A new creature has been discovered, smaller than viruses, which lives like a parasite in our mouths

Biologists have been debating the correct definition of a living organism for more than a century. To decide, for example, whether it should also include microscopic entities such as viruses, equipped with genetic material, but …

A new creature has been discovered, smaller than viruses, which lives like a parasite in our mouths

Biologists have been debating the correct definition of a living organism for more than a century. To decide, for example, whether it should also include microscopic entities such as viruses, equipped with genetic material, but incapable of reproducing autonomously. Carelessly, in the meantime, research continues to encounter and describe new oddities, which force us to rethink notions that are now taken for granted. The latest example comes from Stanford laboratories, where a new class of biological entities has just been identified that could force us to review the taxonomy of the natural world: the obelisks, or obelisks, microscopic rings of RNA related to viruses, which inhabit inside the bacteria of the human microbiota.

The biosphere

Traditionally, science considers all biological entities ranging from unicellular creatures such as bacteria, to the multicellular kingdoms where we find animals and plants, to be living organisms. Below bacteria, the existence of viruses, entities composed of DNA or RNA filaments enclosed in a protein envelope, has been known for more than a century, and more or less since the 1970s that of viroids, even more infectious agents. microscopic, composed of small RNA molecules without a capsid (i.e. envelope).

Viruses and viroids are the smallest known biological entities present in nature, and are not considered life forms by a predominant part of the scientific community because they do not possess one of its most fundamental characteristics: that of reproducing, an activity which in both cases is entrusted , in effect, to the structures of the infected cells. This, in broad terms, is the taxonomy of our planet’s biosphere currently accepted by science. If the Stanford researchers are right, however, it will soon be updated to introduce a new class of biological entities, which are positioned right between viruses and viroids.

The obelisks

The discovery came as researchers investigated the presence of viroids – or similar entities – inside bacteria and animal cells, where to date they have not yet been identified with certainty, unlike what has happened in the plant world. To do this they used an innovative method, analyzing existing catalogs of RNA sequenced in the human microbiome, and asking software to predict which sequences within these huge genetic databases were highly likely to take on a circular shape similar to that of viroids.

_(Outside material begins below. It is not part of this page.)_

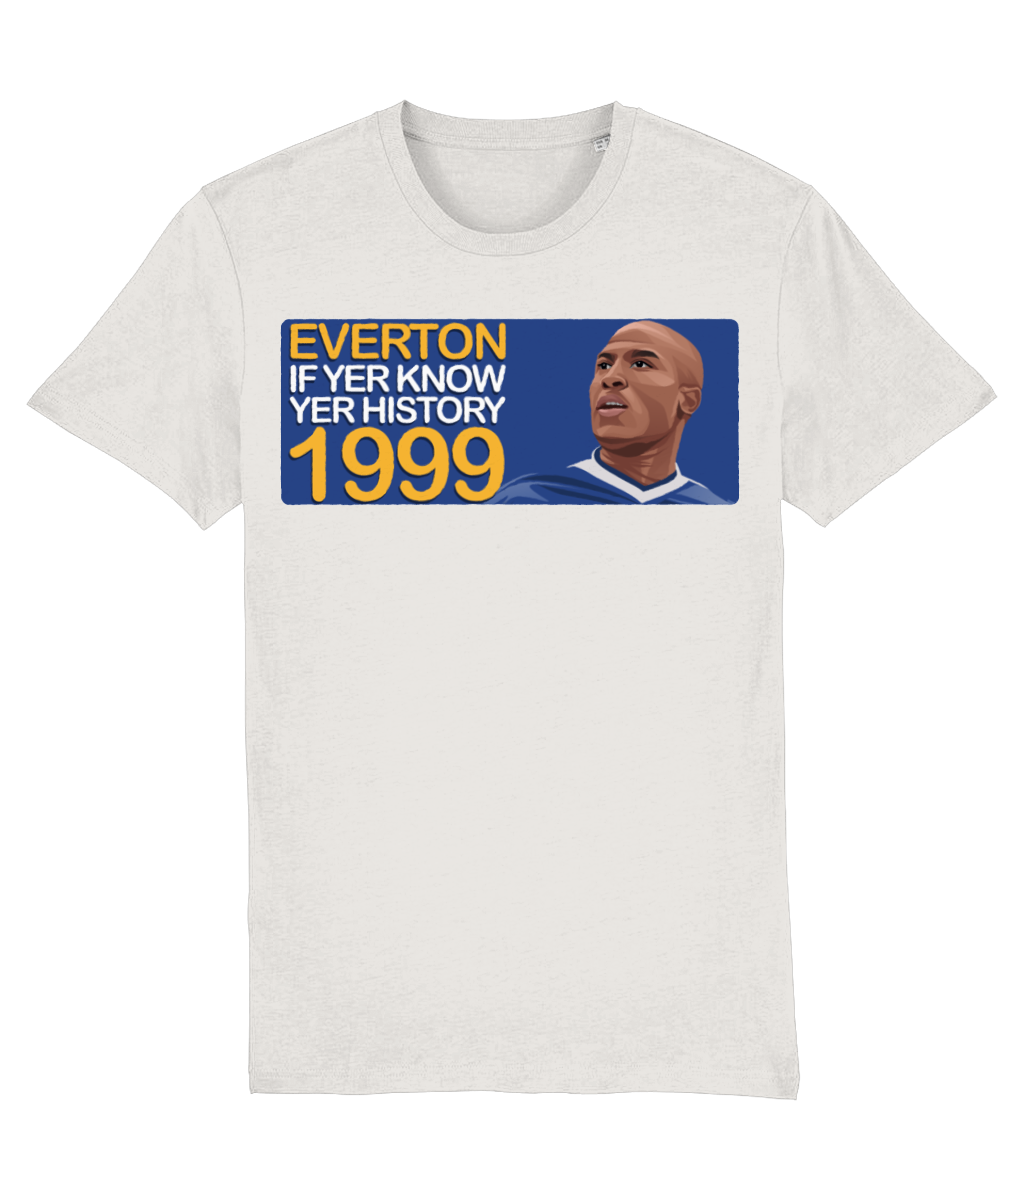 Everton 1999 Kevin Campbell If Yer Know Yer History Unisex T-Shirt Stanley/Stella Retrotext Vintage White XX-Small 
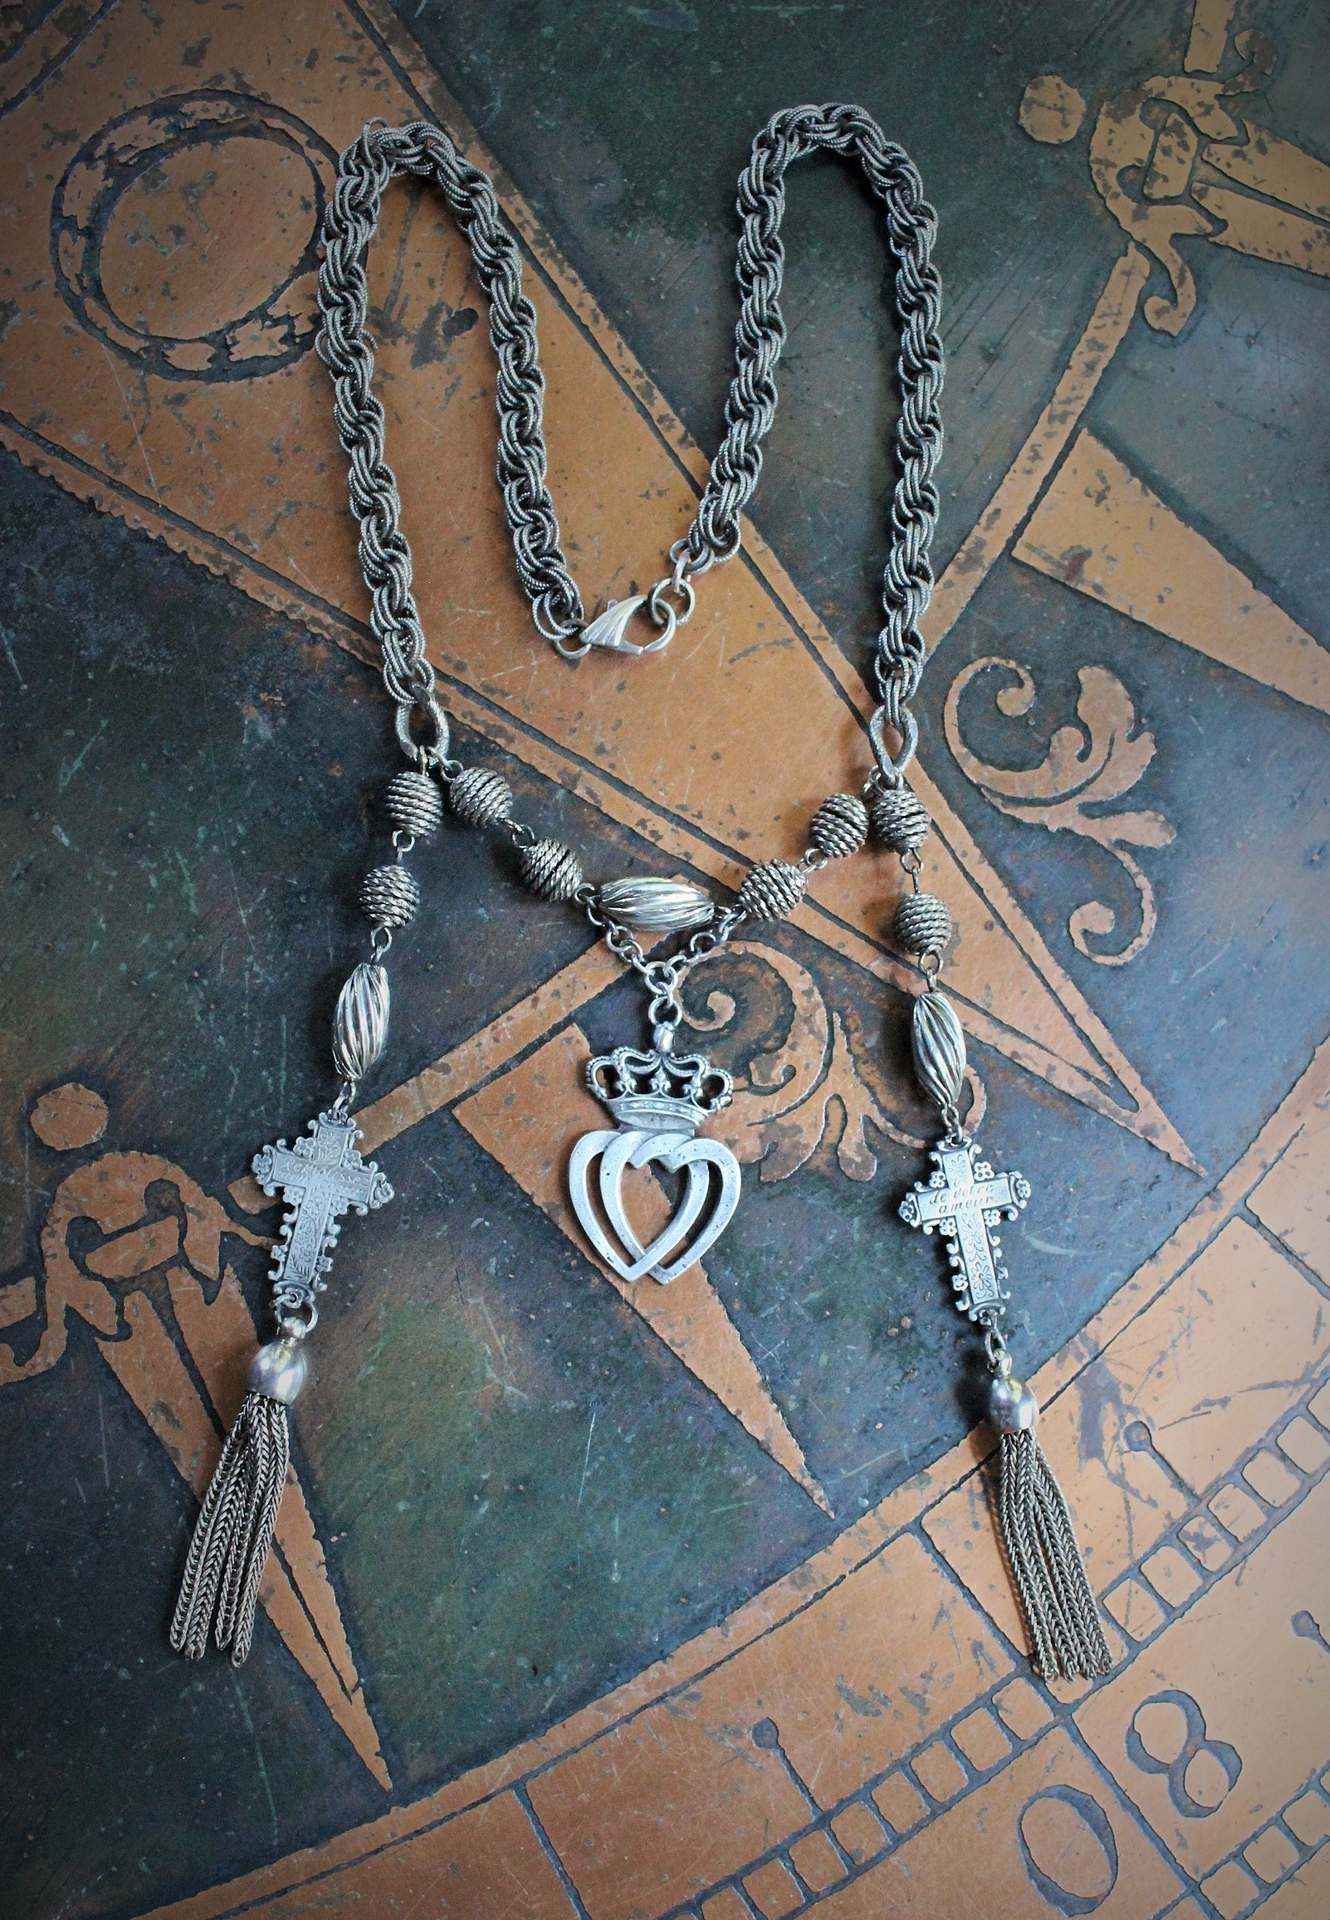 Fill my Heart with Your Love Necklace w/Antique Engraved French Crosses,Antique French Double Crowned Heart Medal, Antique Foxtail Chain Tassels

The first screening done by the software highlighted approximately 30 thousand RNA sequences with the desired characteristics. By analyzing the sequences identified in this way, the researchers realized that they were faced with something completely new: they were RNA molecules composed of around a thousand nitrogenous bases (the “letters” with which the genes in DNA and in RNA), too short to be viruses, and too long to be viroids, whose length is usually around 300 bases. As in the case of viroids, these RNA molecules do not include the genes necessary to produce a viral capsid, but they differ from these because in many cases they encode the genetic information necessary to produce a single protein, renamed “oblin” by researchers, which with every probability plays a role in their replication.

oblin research figure

A clue to the origin of life

These characteristics pushed the authors of the discovery to classify the obelisks as a new, previously unknown biological entity, which lies between viruses and viroids due to its complexity. The obelisks were identified by the authors of the research in approximately 7% of the bacteria of the intestinal microbiome studied, and in approximately 50% of that of the mouth. The sequences identified in different microbiomes also have different characteristics, and this confirms the hypothesis that they are biological entities in all respects.

These are preliminary results, which have not yet passed the careful scrutiny of the scientific community. And at the moment, it is impossible to say if and what effects these obelisks might have on the bacteria they infect to reproduce. However, the discovery was welcomed with enthusiasm by many experts, because if confirmed it would provide precious clues for understanding the evolution of viruses and viroids towards more complex forms. A field of study that has to do with the very origin of life on our planet, given that one of the most current hypotheses is that the first biological molecules that appeared on Earth were RNA entities such as viroids and obelisks, from which subsequent evolution towards increasingly complex forms would then give rise to all the incredible biodiversity that inhabits our planet today.